Salzburg lose the ball here, and Admira are looking to counter-attack. Szoboszlai, though, has other ideas…
The Hungarian chases back and commits a tactical foul near the halfway line to stop this developing counter-attack, which could have developed into 4v3 for Admira if it had been allowed to proceed.
As mentioned earlier, Szoboszlai is also extremely intelligent, constantly scanning his surroundings to see where the danger is, and this allows him to often be in the right place to nip attacks in the bud.
Here, Benjamin Pavard makes a run upfield just as Leon Goretzka is about to get on the ball for Bayern – a development that Szoboszlai spots…
…and then runs back to cut out the pass, setting up a Salzburg attack in the process.
Thus, we can see that the 20-year-old is a willing runner, able to take tactical instructions on board with regard to pressing, and also has the intelligence to notice developing attacks. All of this make him excellent while his team is out of possession, which is almost a required trait of modern playmakers.
The stats show how active he is while defending as well. Szoboszlai has averaged 3.45 interceptions per 90 so far this season, with 5.4 recoveries, of which 57% come in the opposition half, displaying how is a vital cog in Salzburg’s high press.

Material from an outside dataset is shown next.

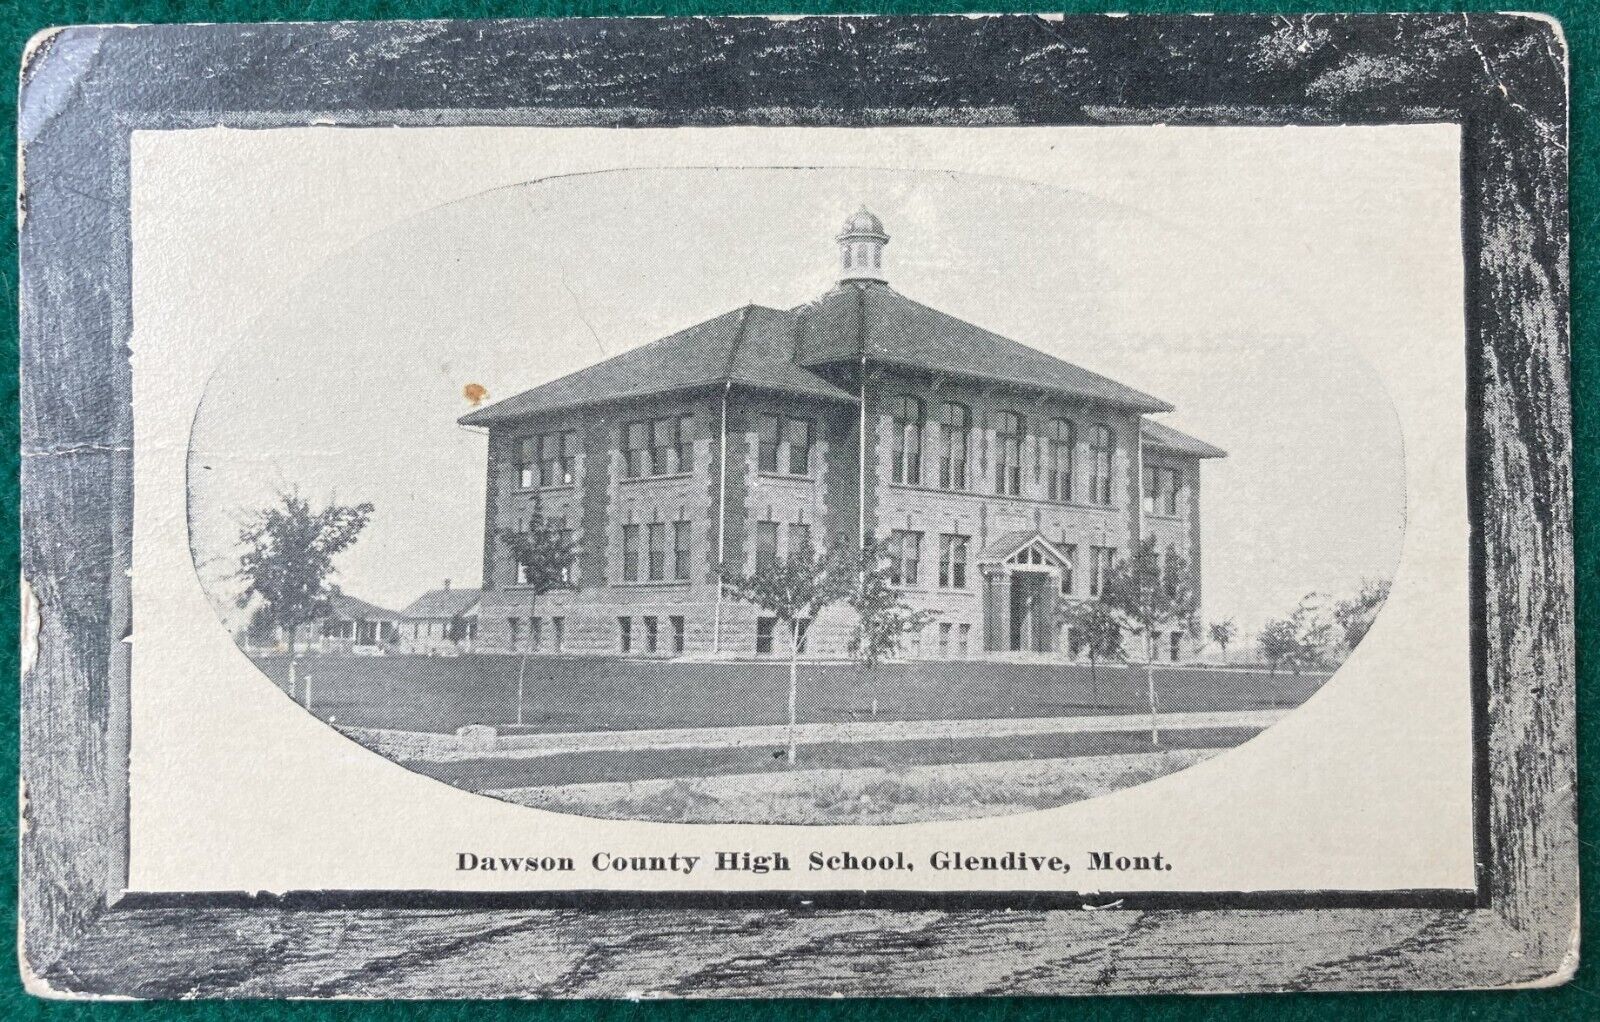 Dawson County High School Glendive MONTANA Litho Postcard circa 1910 building
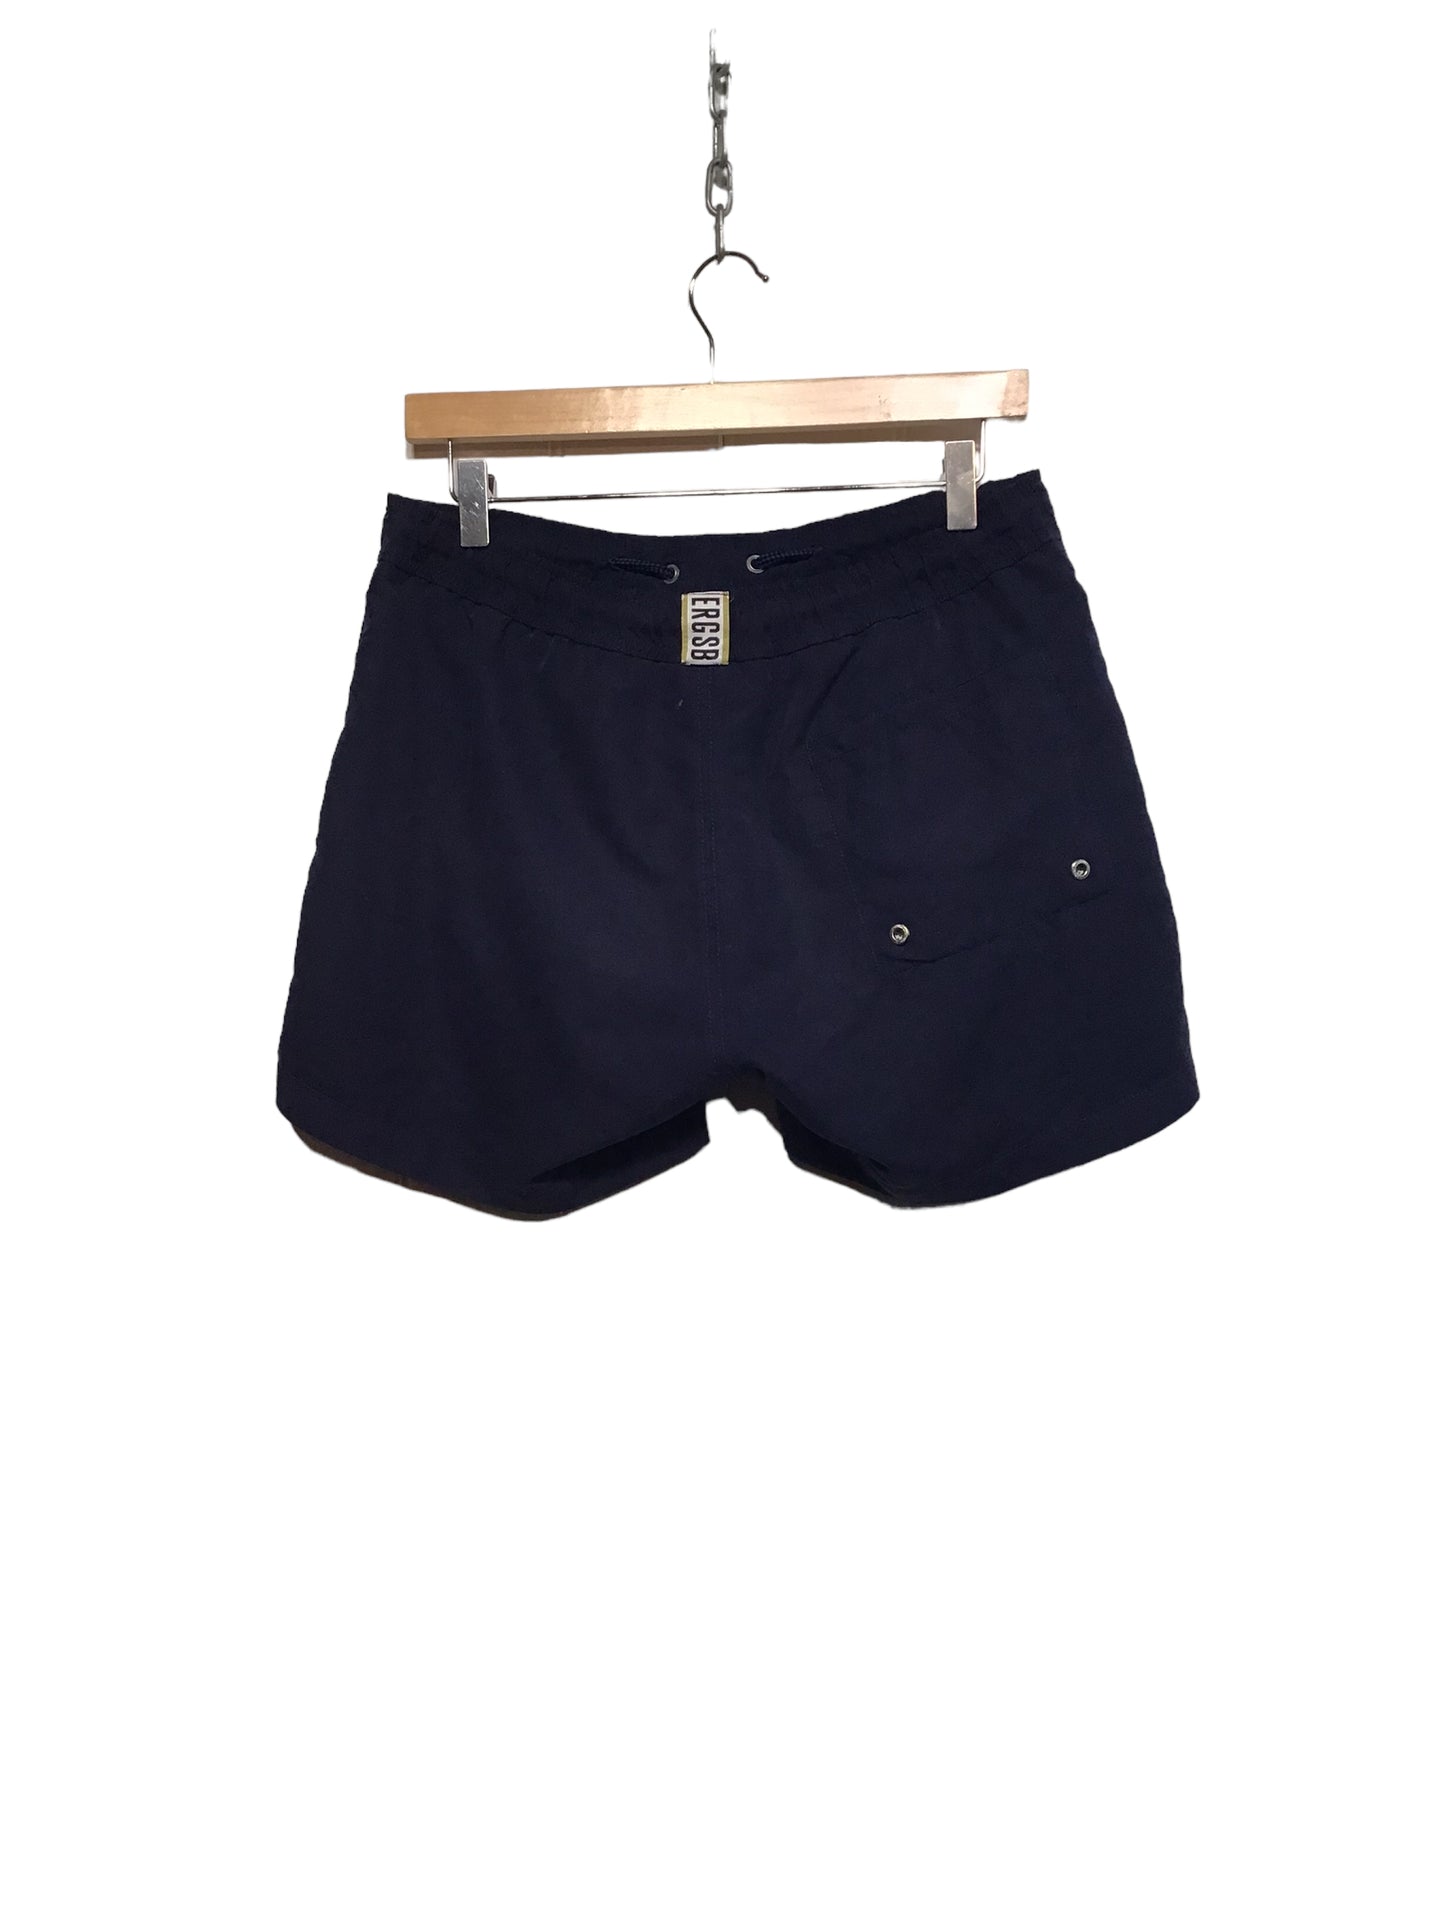 Navy Sport Shorts (Size S)

It is almost inevitable that a 20-year-old attacking midfielder will have some areas to work on his game. With regard to Szoboszlai, he can improve his passing, both in terms of timing as well as choosing the right pass. He often gives the ball away by attempting a risky pass in the final third, while he is also not quite as accurate as one would hope over longer distances, especially when he is playing the ball over the opposition’s defensive line for a forward to chase. This can be coached and improved through practice and repetition on the training ground, however, and at 20 years of age, the Hungarian has a lot of time to develop this particular facet of his game.
Dominik Szoboszlai is rightly being hailed as the next wonderkid out of the Salzburg system, and with good reason. His skill-set is quite well-rounded, as he is able to contribute both defensively and offensively, while he also has a penchant for the spectacular, having scored some superb goals this season already. With RB Leipzig set to sign him, it will be extremely interesting to see how he fares in the Bundesliga against theoretically-tougher opponents. However, he has already shown in the Champions League that he is capable of putting in high-class performances against the best in Europe, so do not be surprised if this young man’s name is doing the rounds throughout 2021, especially with a European Championship tournament as well, where he will be the undoubted star for Hungary.